Union members said they continue to stand by Ellison after the abuse allegation; in recent days, he has returned to an active campaign-trail schedule. With unions ranging from pipe fitters to letter carriers endorsing him, Ellison is pitching himself as the worker’s candidate and telling voters he would fight to make sure unions remain strong in Minnesota.

He noted Wardlow’s push for right-to-work legislation during his 2011-2012 term in the Minnesota House. Wardlow was chief author of a bill to add a ballot measure to change the state’s constitution so individuals were guaranteed an option not to join or pay dues to a labor union. Democrats and Republican leadership did not get behind the right-to-work attempt, and it failed to progress.

Wardlow said in an interview last month that if elected he would not use the attorney general’s office to address right-to-work.

“That is a policy question, that is for the Legislature,” he said. He declined to say more about his support for the issue when he was a lawmaker.

“I don’t think that’s really pertinent to the attorney general’s race,” Wardlow said.

John Westmoreland, executive director of Minnesota AFSCME Council 5 and an Ellison supporter, said Wardlow’s work in the Legislature is very pertinent to how he will interpret potential future legal changes.

More than half of states have right-to-work laws that allow workers to opt out of joining a union or paying dues. Public sector unions in states like Minnesota, that do not have right-to-work, were dealt a financial blow by the Supreme Court’s ruling in June on Janus vs. AFSCME. The court overturned a decades-old practice in Minnesota and elsewhere that required nonunion members to pay “fair-share” fees, in lieu of dues, to cover some union costs.

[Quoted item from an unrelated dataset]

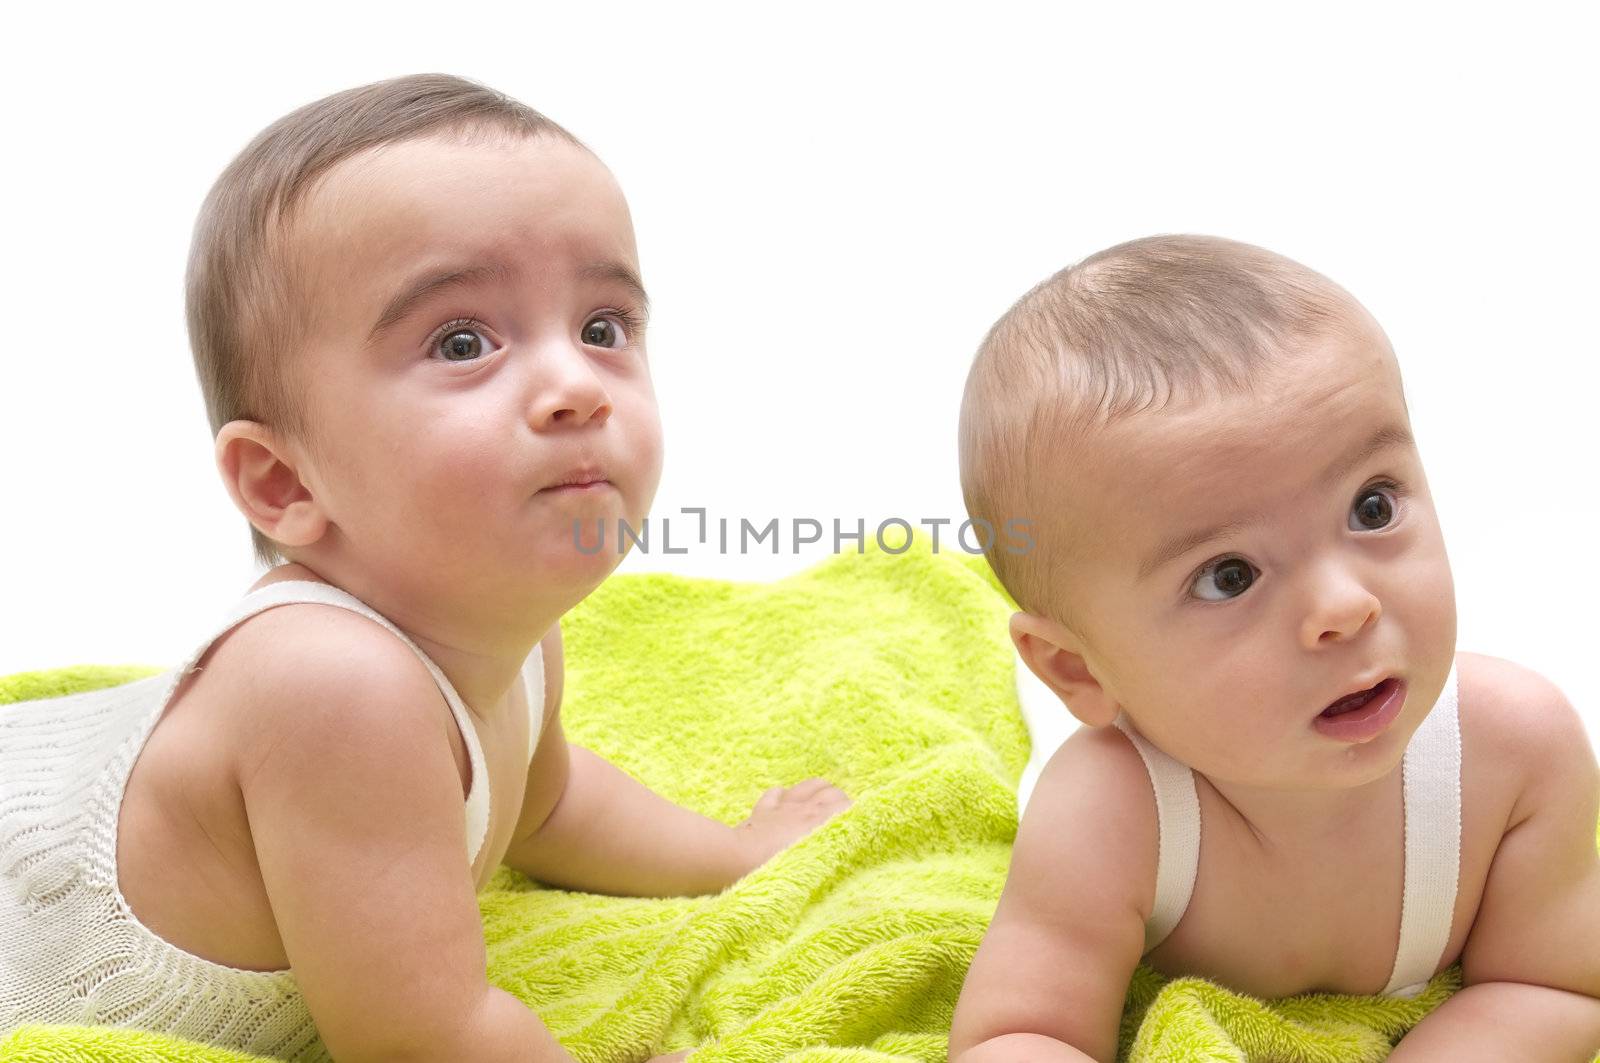 beautiful babies with the green towel on white background

Attorney General Lori Swanson, a Democrat, was one of many state attorneys general who supported AFSCME’s effort to keep the fees in place.

That ruling essentially made Minnesota a right-to-work state when it comes to public sector unions, Westmoreland said. Now he said union members are watching for future legal changes that would impact the private sector, as well as efforts to undo prevailing wage requirements.

Minnesota’s prevailing wage law ensures people working on state-funded construction projects are paid a certain rate set by the state.

“How is a law change going to get interpreted by the state of Minnesota?” Westmoreland said. “Well, legislators write laws. The interpreter is the attorney general. Whose side are they on? That matters.”

Joe Fowler, a member of the Laborers’ union affiliate Local 563, noted Minnesota is economically outperforming Wisconsin. The neighboring state eliminated workers’ right to collectively bargaining, added right-to-work legislation and altered its prevailing wage law. Such changes could come swiftly in Minnesota, he said.

“We didn’t get higher wages because this is something the corporations or the employers just wanted to give us,” Fowler said. “We fought for those things and don’t forget that it is a fight to maintain them here in Minnesota.”